Standardizing Febrile Neutropenia Management: Antimicrobial Stewardship in the Hematologic Malignancy Population

John C O’Horo ^1,^2,^✉, Jasmine R Marcelin ¹, Omar M Abu Saleh ¹, Amelia K Barwise ^1,², Patricia M Odean ¹, Christina G Rivera ¹, Aaron J Tande ¹, John W Wilson ¹, Douglas R Osmon ¹, Pritish K Tosh ¹

PMCID: PMC6743219 PMID: 31322989

Abstract

Patients with febrile neutropenia (FN) often are subject to antibiotic and diagnostic test overuse.

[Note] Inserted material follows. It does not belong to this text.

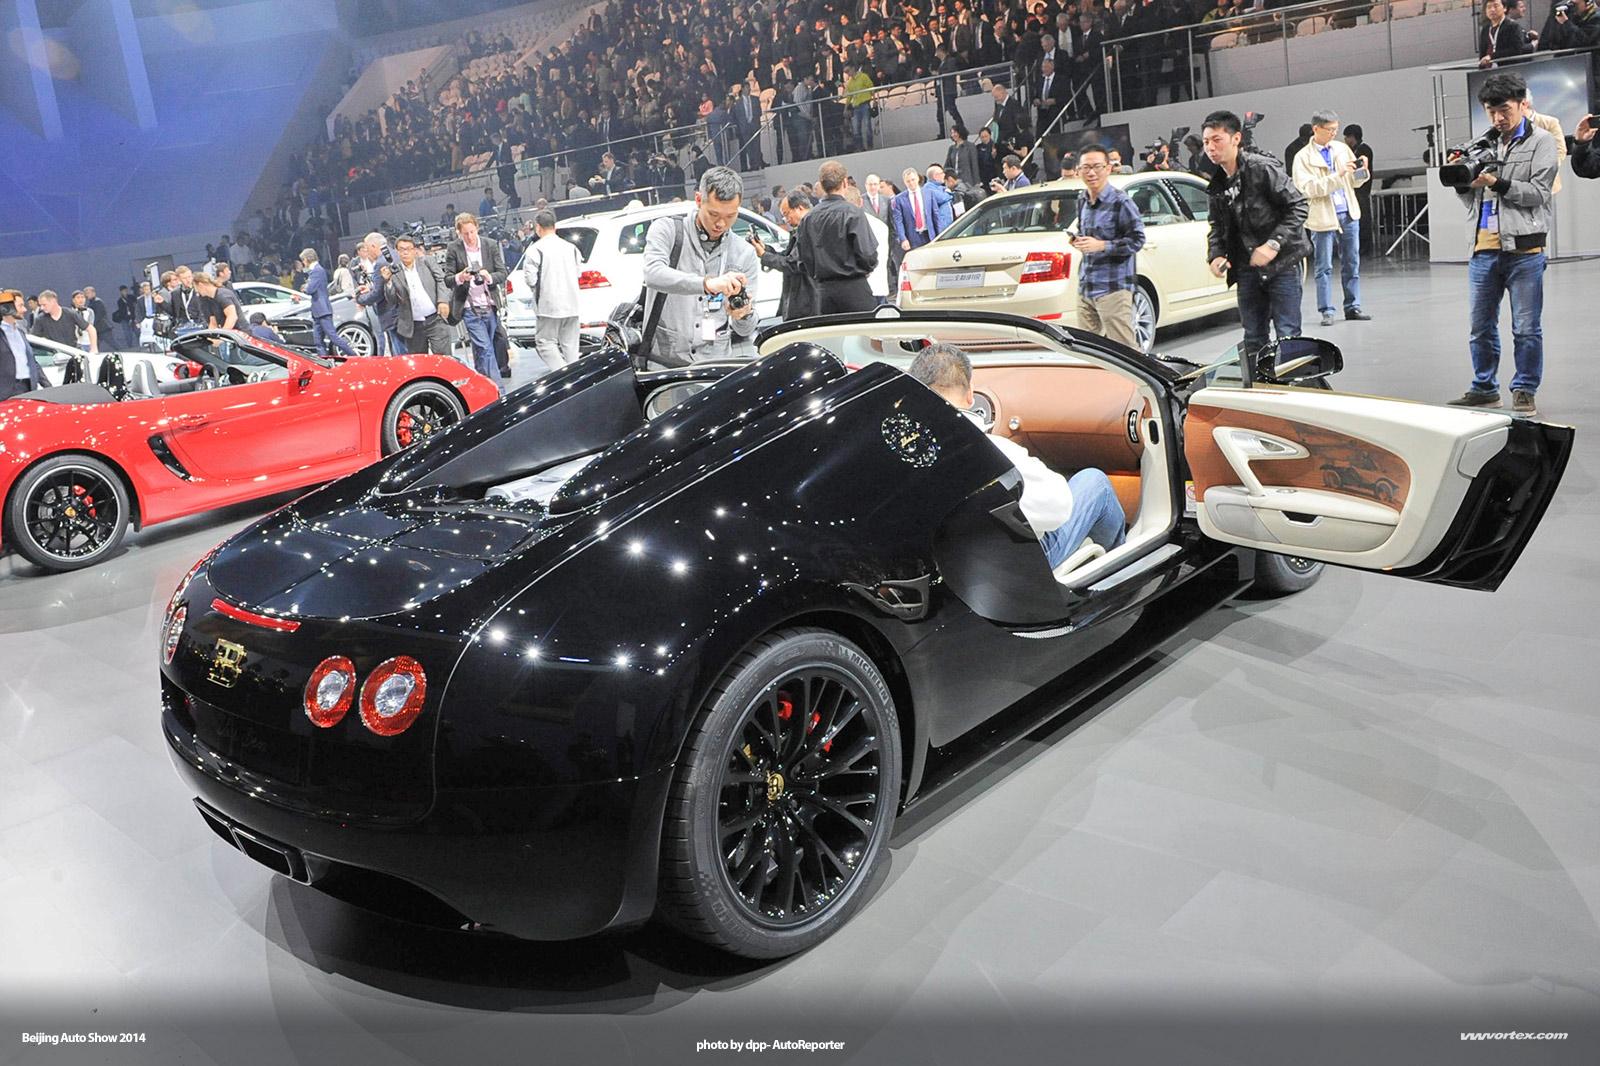 beijing-auto-show-2014-bugatti-363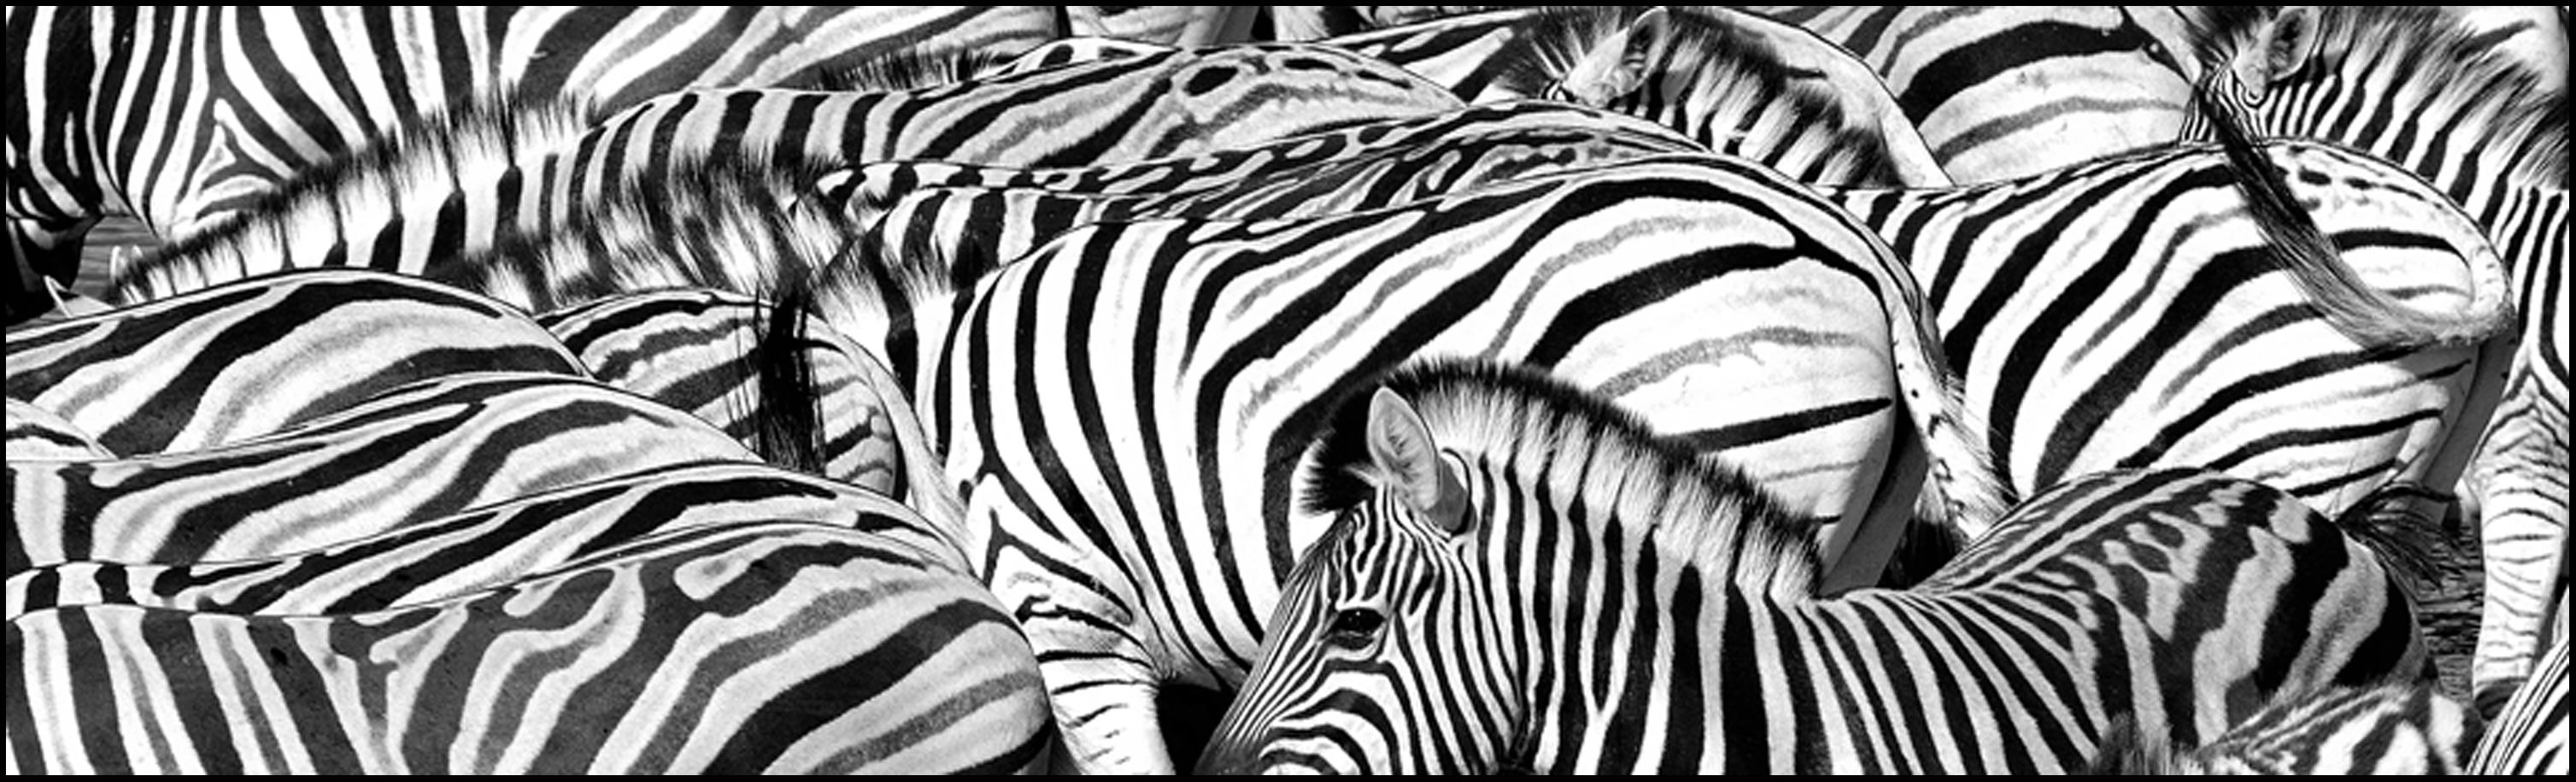 PS8_5086_zebras_3000x900-96

We sought to improve appropriate use of antimicrobials and diagnostic tests for patients with FN. We used a blended quality approach with Lean Six Sigma tools and iterative improvement of a clinical decision aid to guide providers through empirical antimicrobial selection and diagnostic evaluation of patients with FN during a yearlong period. We evaluated the incidence of nonadherence to best practice before, during, and after rollout of a clinical decision aid in conjunction with an educational initiative. At baseline, 71% of patients with FN had at least one critical deviation from best practice. During the project, the percentage decreased to 27.3%; 4 months after the project was completed, the percentage was 33.3% (P = .04). A clinical decision aid can improve adherence to best practices for the empirical management of FN.

INTRODUCTION

Neutropenia induced by antineoplastic chemotherapy is a common complication of cancer treatment. Patients with hematologic malignancies are at increased risk for infectious complications during neutropenia. More than 80% of neutropenic episodes in this population may be complicated by fever.¹ Febrile neutropenia (FN) in high-risk patients with hematologic malignancies is considered a medical emergency (average mortality, 14.3%).²

Several national and international societies have developed evidence-based guidelines for clinicians treating patients with FN.^1,3-5 The guidelines outline management strategies that focus on a time-sensitive, patient-centered evaluation with judicious and effective antimicrobial selection.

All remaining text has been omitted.